« Cette présidence, bien que symbolique, appelle à la retenue et à la responsabilité. »
L’accession de Madagascar à la présidence tournante de la SADC en ce mois d’août 2025 aurait dû être une occasion de renforcer les liens régionaux et de promouvoir l’esprit de coopération. Au lieu de cela, elle se voit transformée en un outil de glorification personnelle, soigneusement mis en scène par le pouvoir en place.
À Antananarivo, le président Andry Rajoelina est présenté comme l’architecte d’un exploit diplomatique. Une mise en scène politique qui frôle la réécriture de l’histoire. Car il faut le rappeler : c’est en 2005, grâce à des efforts diplomatiques soutenus d’autres personnalités et d’une administration engagée, que Madagascar a intégré la SADC. Cette étape majeure était le fruit d’un travail collectif et professionnel, fondé sur la volonté de positionner le pays dans un espace stratégique régional.
Mais cette dynamique fut brutalement brisée en 2009. Le coup d’État conduit par Andry Rajoelina a entraîné la suspension immédiate de Madagascar par l’organisation. Une suspension aux conséquences réelles : isolement politique, interruption de projets économiques, gel de partenariats, et surtout, des pertes considérables pour les entrepreneurs malgaches opérant dans la région.

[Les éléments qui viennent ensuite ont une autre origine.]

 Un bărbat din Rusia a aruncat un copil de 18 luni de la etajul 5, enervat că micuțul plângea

En 2014, Madagascar n’a pas « retrouvé » sa place par mérite diplomatique, mais tout simplement parce qu’il avait rétabli l’ordre constitutionnel à la suite d’élections reconnues par la communauté internationale. Un retour logique, administratif, presque automatique.
Et pourtant, aujourd’hui, à peine quinze ans après avoir ouvertement critiqué la SADC – qualifiée alors de « syndicat de chefs d’État » par Rajoelina, qui menaçait de s’en retirer – le même homme s’en empare comme d’un trophée personnel. Ironie de l’histoire ou simple cynisme politique ? Celui qui rejetait hier l’organisation se positionne aujourd’hui en champion de son rayonnement.

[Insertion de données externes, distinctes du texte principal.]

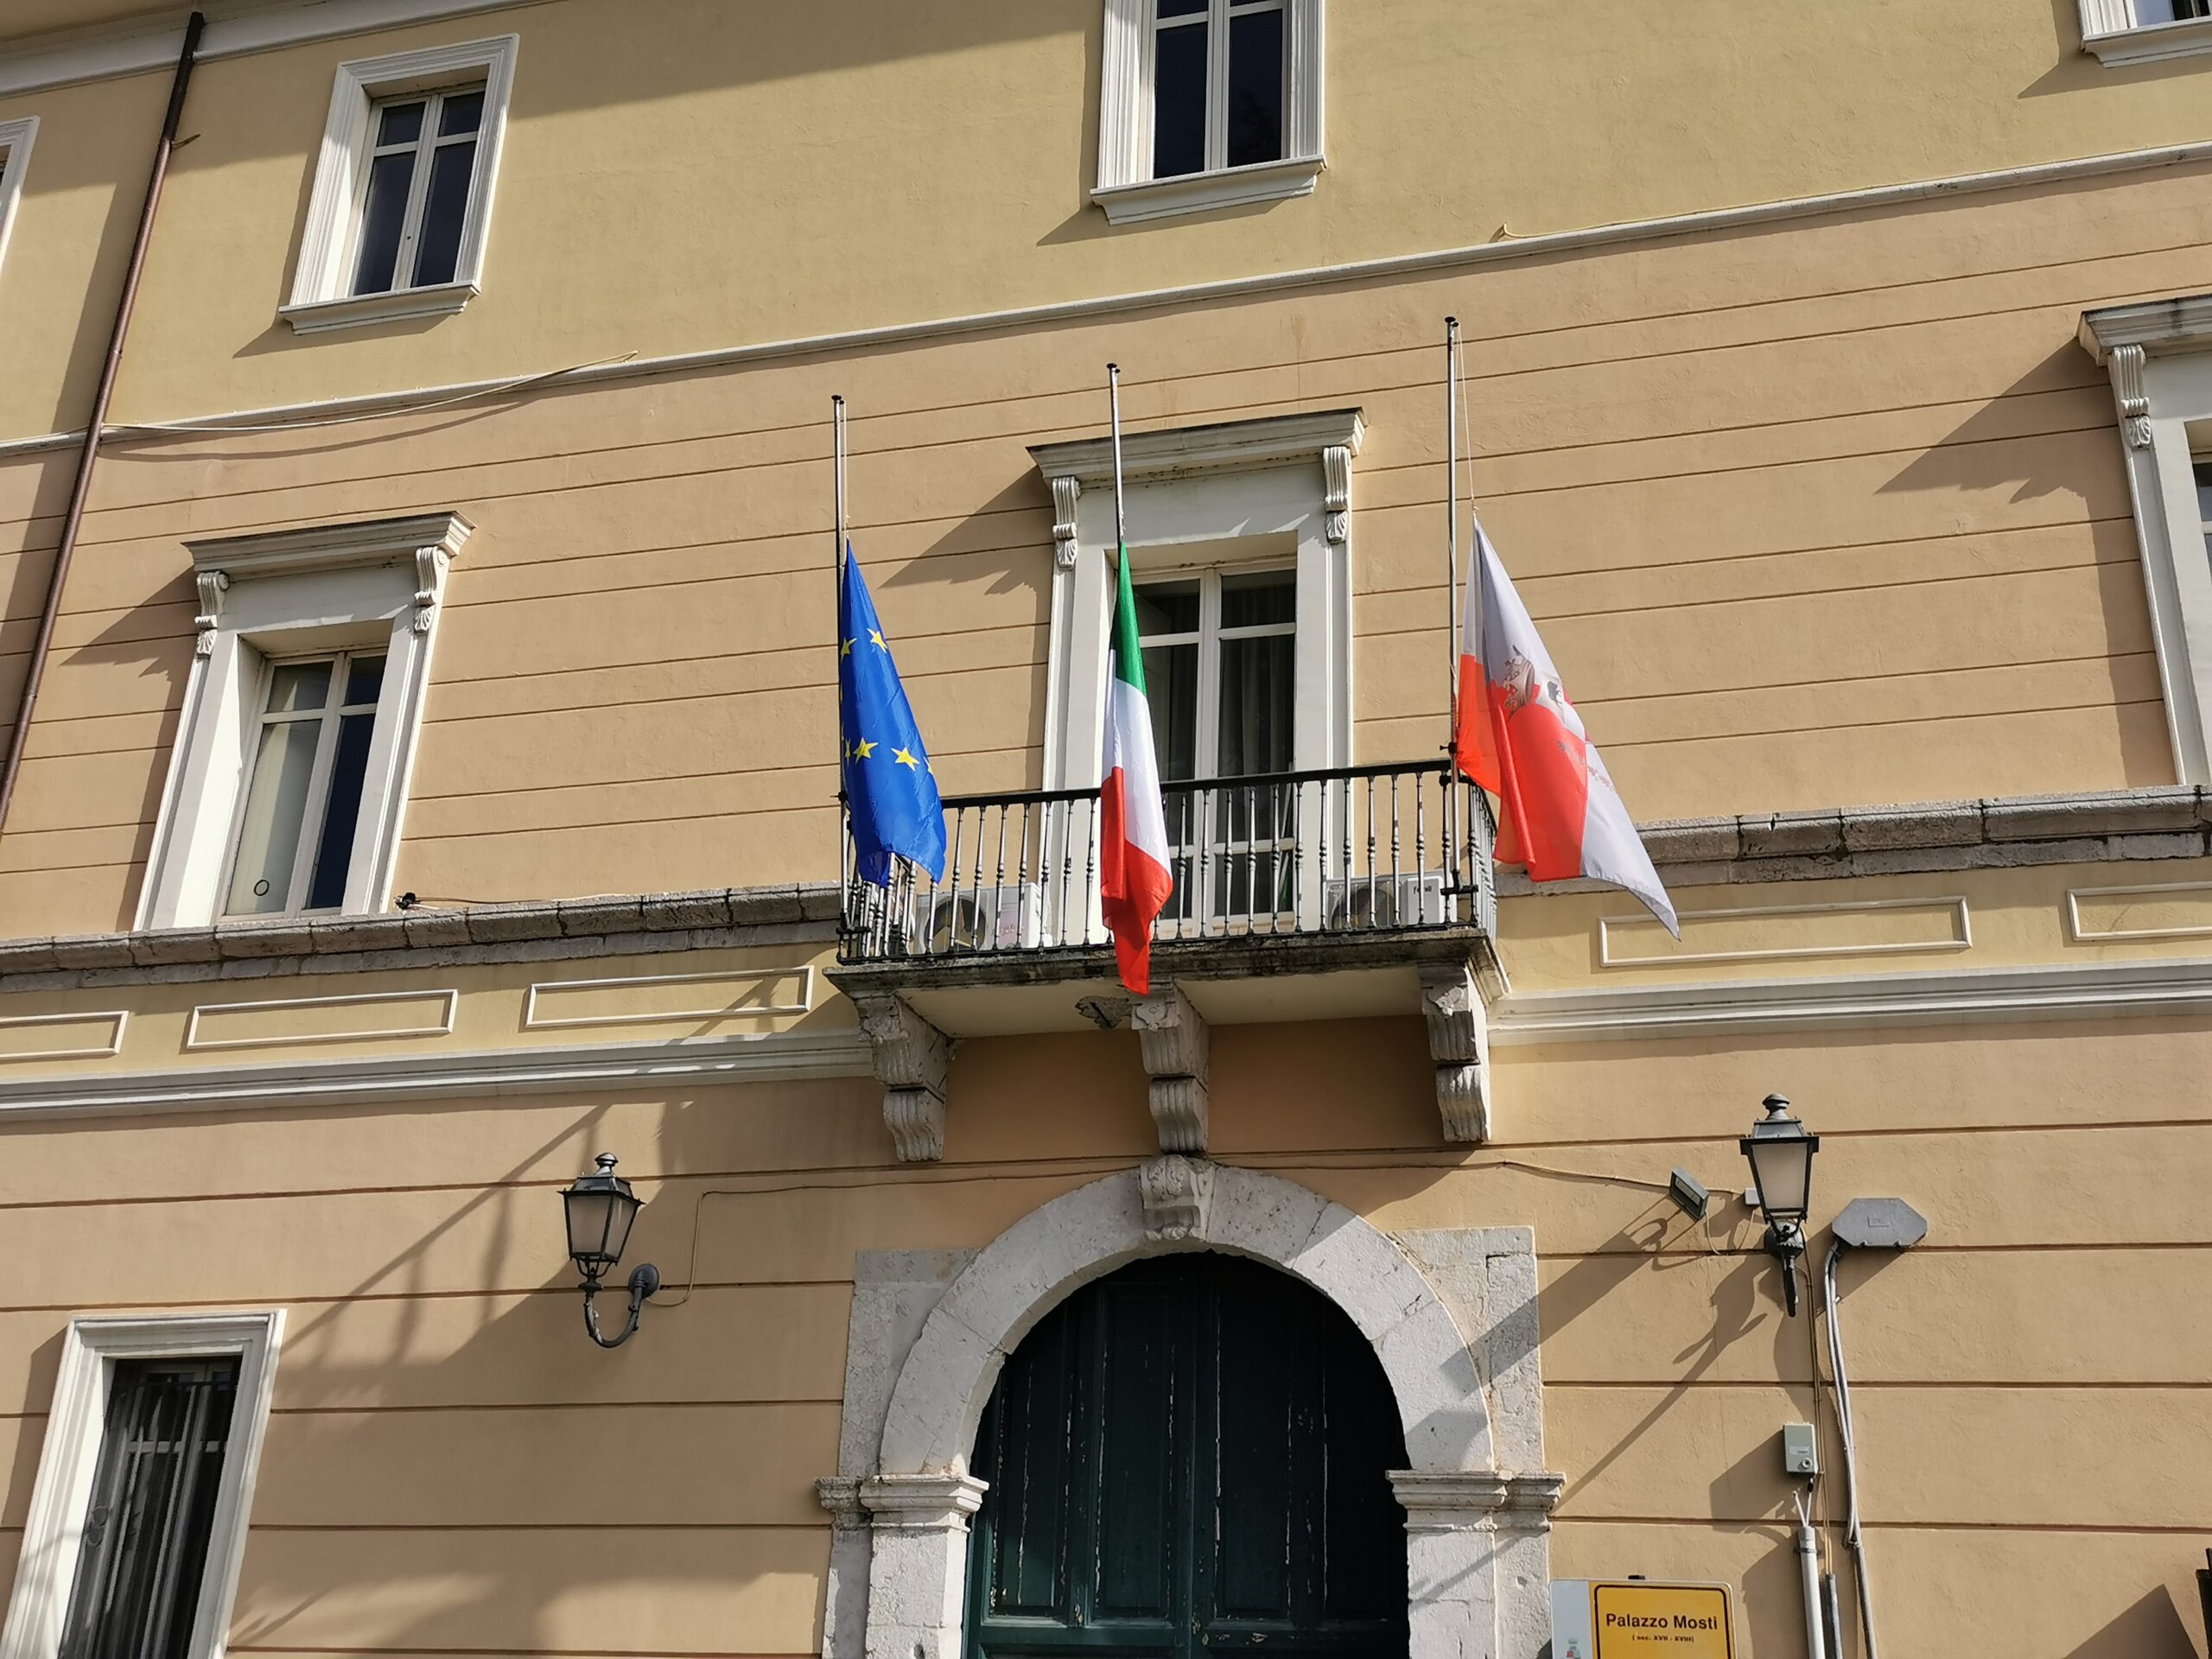 Giornata nazionale in memoria delle vittime dell’epidemia di Coronavirus, a Palazzo Mosti bandiera a mezz’asta

Plus troublant encore : l’attitude même de la SADC, qui semble avoir oublié les raisons de la suspension de Madagascar en 2009. Faut-il y voir une forme d’indulgence politique ou un aveuglement institutionnel ?
Il est urgent de rappeler une évidence : cette présidence tournante, octroyée selon un système rotatif entre États membres, n’est ni une récompense, ni une reconnaissance du parcours d’un chef d’État. Elle implique au contraire une responsabilité collective, de la retenue et une certaine cohérence. Des vertus dont la communication actuelle est singulièrement dépourvue.
L’Histoire mérite d’être respectée. La mémoire nationale aussi. Car instrumentaliser cette présidence à des fins de propagande personnelle, c’est trahir l’esprit de coopération qui avait motivé l’adhésion de Madagascar à la SADC en 2005.